Aku datang untuk bertemu Nurul Arifin. Artis yang satu ini mulai senang berburu lukisan, sejak wajahnya dilukis oleh Jeihan. Aku akan meminta dia untuk tampil sebagai bintang tamu di acara Jaya Suprana Show. 2) Coffe break baru lima menit mulai saat Nurul Arifin memberikan konfirmasi tanda jadi. Lalu seorang perempuan muda menghampiri dengan pesan seperti sebuah teka-teki : “ Masihkah nama ini ada dalam ingatasn ? Ja pense toi joue et nuit “ 3)
Pandangku penasaran menjelajah ruangan. Dan kulihat senyumnya saat dia melambaikan tangan. Ah..ah..Salindri Kuswardani. Anggota dewan dari partai XYZ, pengusaha muda yang naik daun di kota kami. Suka bicara ceplas-ceplos di media massa. Secara terbuka dia kritik kebijakan Gubernur yang dianggap menguntungkan para pendukungnya semasa Pilkada. Saat pihak yang merasa dirugikan berniat mengajukan tuntutan, Indri (begitu aku memanggilnya) tak gentar dan menantikannya di pengadilan. Namun seperti yang diduga oleh beberapa kalangan, tuntutan hukum itu tak pernah menjadi kenyataan. Pengacara kedua belah pihak sudah sepakat, untuk mengakhiri masalah dengan mufakat.
Setelah saling berjabat tangan dan bertukar basi-basi kesopanan, kami saling menatap wajah masing-masing, seakan melompati masa yang begitu lama memisahkan dan memberi kesan asing. Rasa ingin tahu berloncatan spontan, coba menakar apa yang masih tersisa dalam ingatan. Kelebat sinar mata sejak detik pertama, coba menengok lorong nostalgia. Menghitung seberapa banyak sisa keakraban yang terpendam.
“ Senang juga bisa ketemu lagi. Cukup lama ya kita tak jumpa. Mau kan ketemu lagi sama aku ?” tanyanya dengan sebuah senyum ceria.
“ Cukup lama juga. Kamu sudah jadi orang penting sekarang”
“ Kamu juga kan ? Aku tiga hari di sini, menjajaki kemungkinan membuka galeri. Bagaimana bila kita ngobrol nanti malam ? Bisa ?”
Begitulah. Jam delapan malam aku sudah ada di lobby, menanti Indri. Lalu muncullah dia dengan langkah kijang dalam gaun malam lace berwarna hitam. Belahan panjang di sisi kiri memberiku paha jenjang cemerlang bagai bulan sabit keperakan dalam selimut awan kelam. Lalu suasana bertukar dengan denting piano jazzy, di sebuah bar yang cozy. 4) Dan aku kembali tergoda untuk untuk berperan sebagai laba-laba di depan serangga. Apakah ini sebuah kesempatan atau jebakan ?
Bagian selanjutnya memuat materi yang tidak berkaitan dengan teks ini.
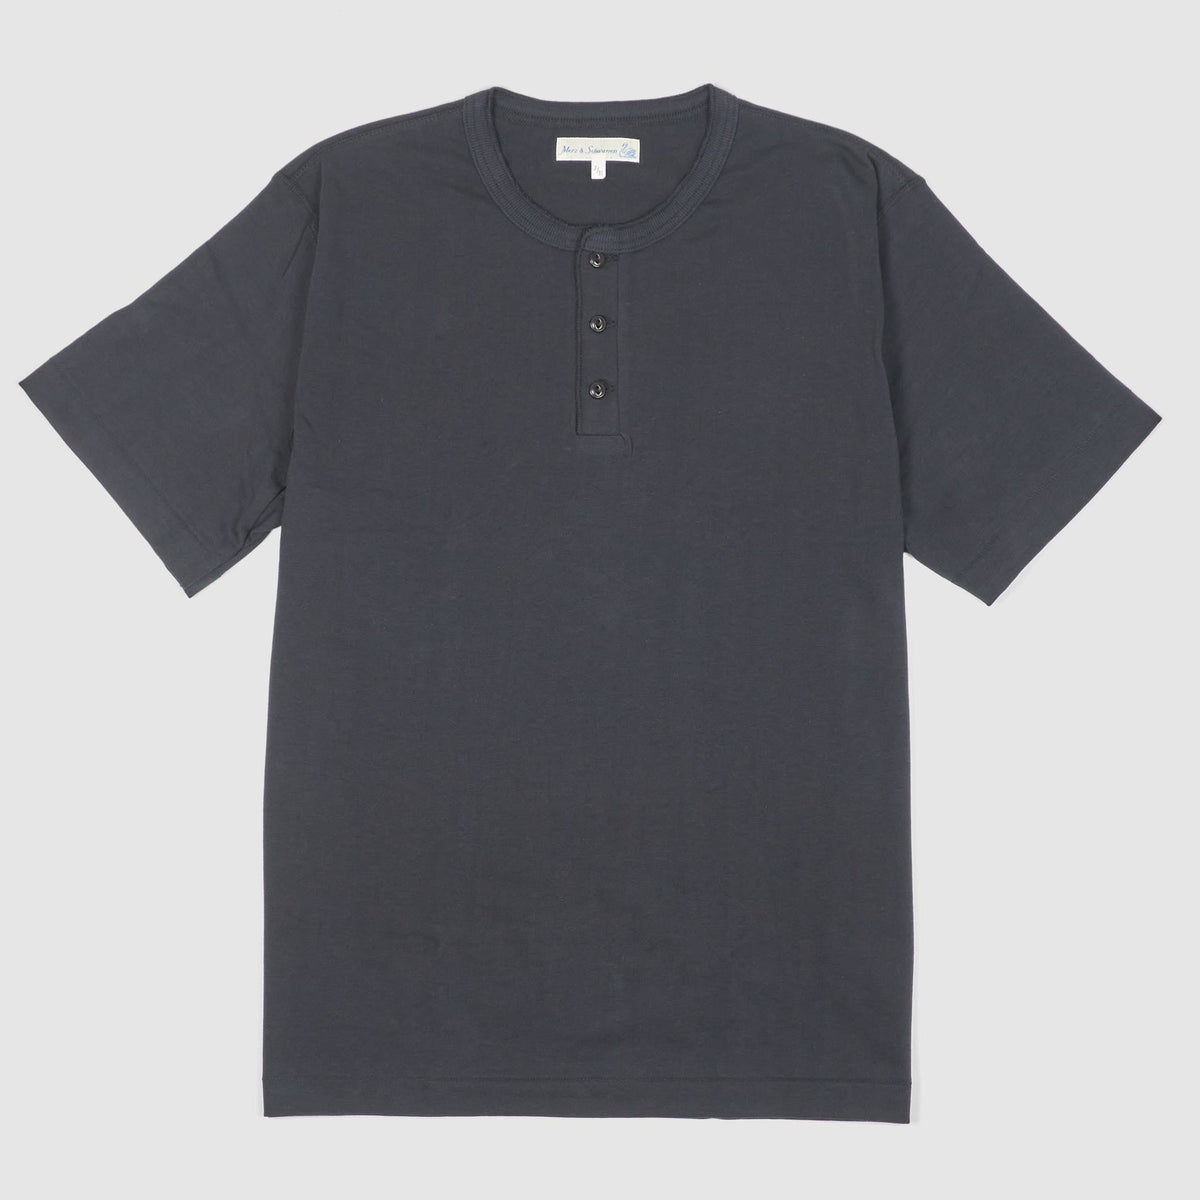 Merz b.Schwanen Loop Wheeler Short Sleeve Henley T-Shirt Charcoal

Dulu Indri masih mahasiswa Fakultas Sastra, dan aku salah satu penyair muda (bersama Bambang Soepranoto dan Nung Runua ) yang diundang untuk membaca sajak di acara Gairah Malam Bulan Purnama, di kampusnya. Ada beberapa mahasiswi lain yang segera jadi teman, seperti Ayu dan Widuri. Tapi aku paling terkenang Indri karena parasnya yang melankolis, seakan pandangannya dilaputi selaputtipis kesedihan. Karena itu aku kemudian menuliskan sajak untuknya : “ Adakah derita yang singgah tanpa sengaja, hingga senyuman begitu / singkat, bagai usia embun diserap surya ? Biar kucari melodi kata-kata / di heningmu. Dan benarkah redup sinar matamu tirai rahasia / dari sebuah mata air duka ? “
“ Well, pertemuan ini harus dirayakan dengan sebuah kesepakatan. Yang sudah biarlah lewat Kita bertemu dalam perspektif baru. Setuju ? “ katanya setelah mencicipi segelas mungil pinacolada 5).
“ Kau sepertinya sudah mengubur masa silam….”
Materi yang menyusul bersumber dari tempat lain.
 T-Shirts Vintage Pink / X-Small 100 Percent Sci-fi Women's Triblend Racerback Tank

“ Haruskah aku terus menjadi gadis sentimentilmu. Aku harus membuat hidup ini terus berjalan. Seperti kamu yang terus melangkah bersama gadis-gadismu.”
Sebuah adegan meloncat dari labirin ingatan : Aku berjalan mendekap pinggang Wieke, dan Indri melintas di depan dengan tawanya yang mendadak hilang, terhisap keberadaan kami berdua. Tak bisa kulupa wajahnya yang sedih dan bibirnya yang ternganga….
Padahal baru sebulan aku bersama Indri. Namun ego seniman menyodorkan sebuah kesombongan yang tak berguna. Paman Indri yang ajudan duta di Swedia bicara soal masa depan Indri dan ‘kemungkinannya’ bila dipertemukan dengan putera duta besar kita di Swedia. Yang paling naïf, semua ini diucapkan saat Indri bersamaku, secara demonstratif.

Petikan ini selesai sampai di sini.